Ribbon on the Christmas Present(色带染色)

You are preparing a ribbon to decorate the Christmas present box. You plan to dye the ribbon, initially white, to make a stripe pattern of different shades of red. The ribbon consists of a number of sections, each of which should be dyed as planned.

You want to prepare the ribbon with the least number of dyeing steps. Contiguous sections of the ribbon can be dyed in one step with the same shade of red. A ribbon section already dyed with some shade of red can be overdyed with dyestuff of a darker shade; it is colored with that darker shade. Overdyeing with a lighter shade is, however, not allowed. As the ribbon is initially white, all the sections must be dyed at least once.

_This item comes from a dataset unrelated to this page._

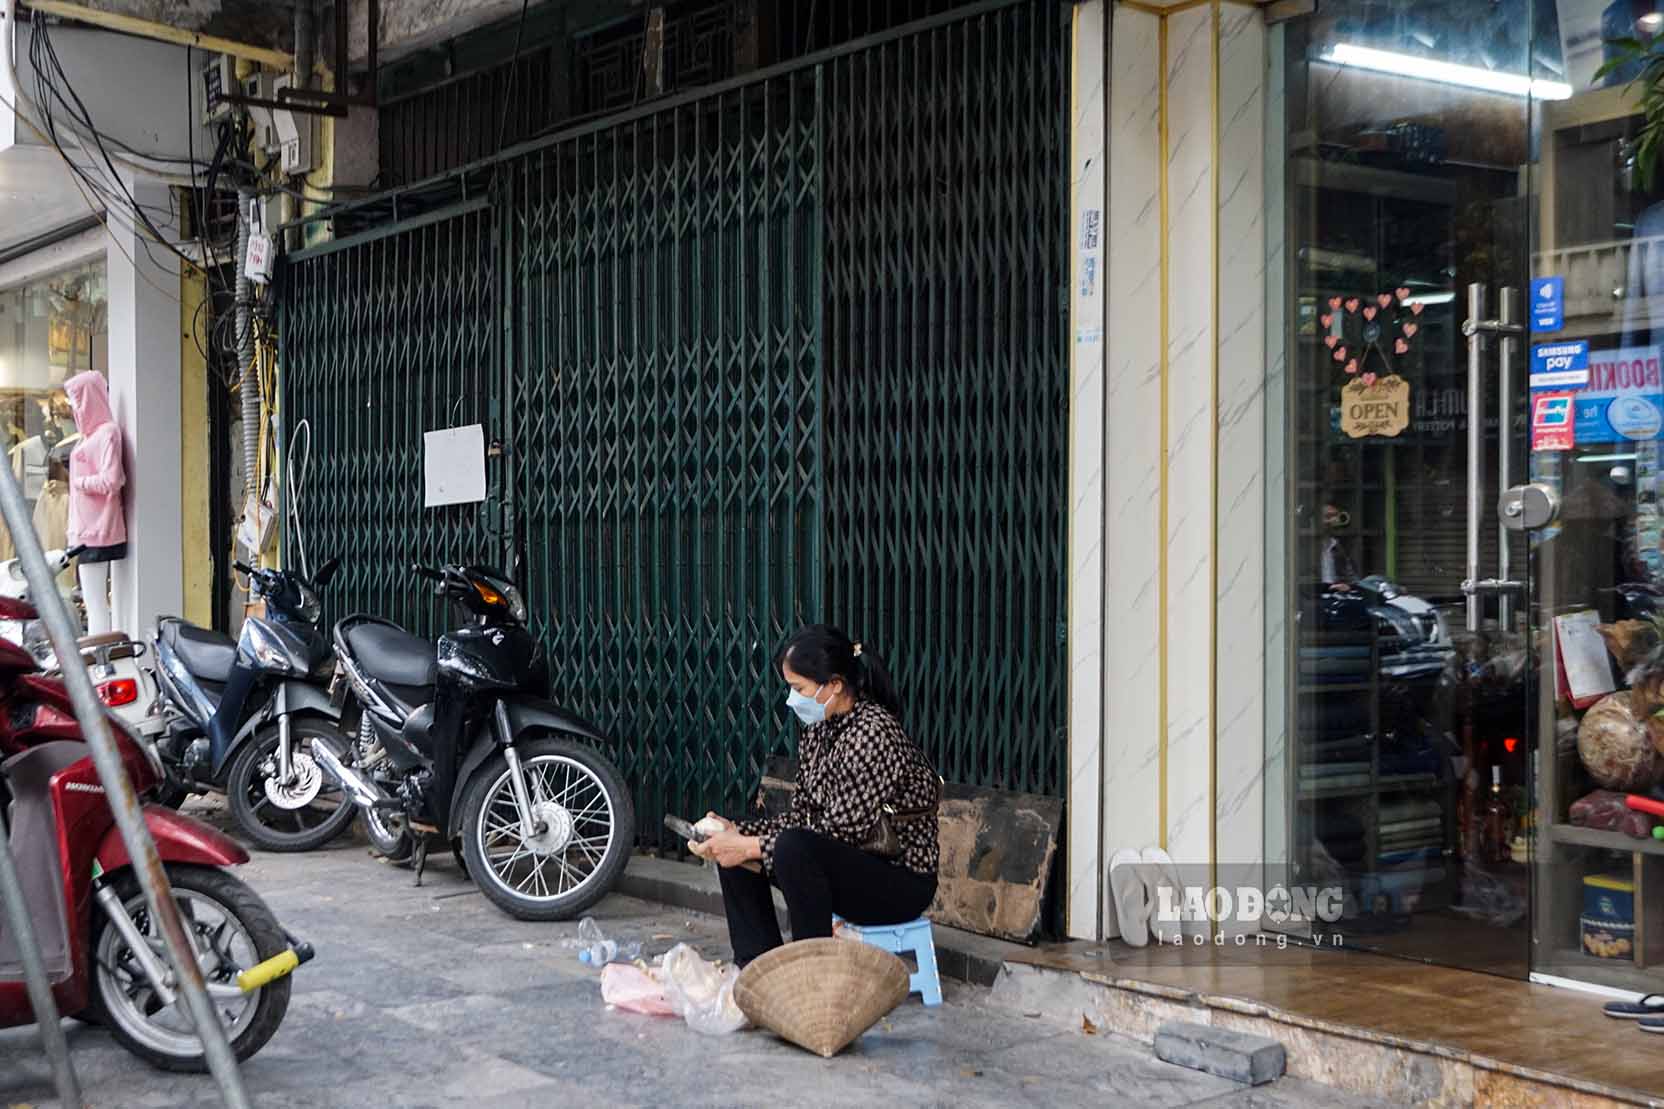 Trên phố Hàng Bông (Hoàn Kiếm), nhiều cửa hàng kinh doanh ảm đạm, đan xen là các ngôi nhà “kín cổng cao tường” chưa tìm được người thuê.

Figure A-1: Stripe Pattern of Sample Input 1

Figure A.1 shows the pattern of Sample Input 1. The ribbon has six sections and the numbers in the sections mean the levels of shades to be dyed. Larger numbers mean darker shades. This can be made by three dyeing steps:

1. dye the entire ribbon with red dyestuff of shade level 50,
2. dye the second section from the left with darker shade dyestuff of level 100, and then
3. dye the fifth section with dyestuff of level 100.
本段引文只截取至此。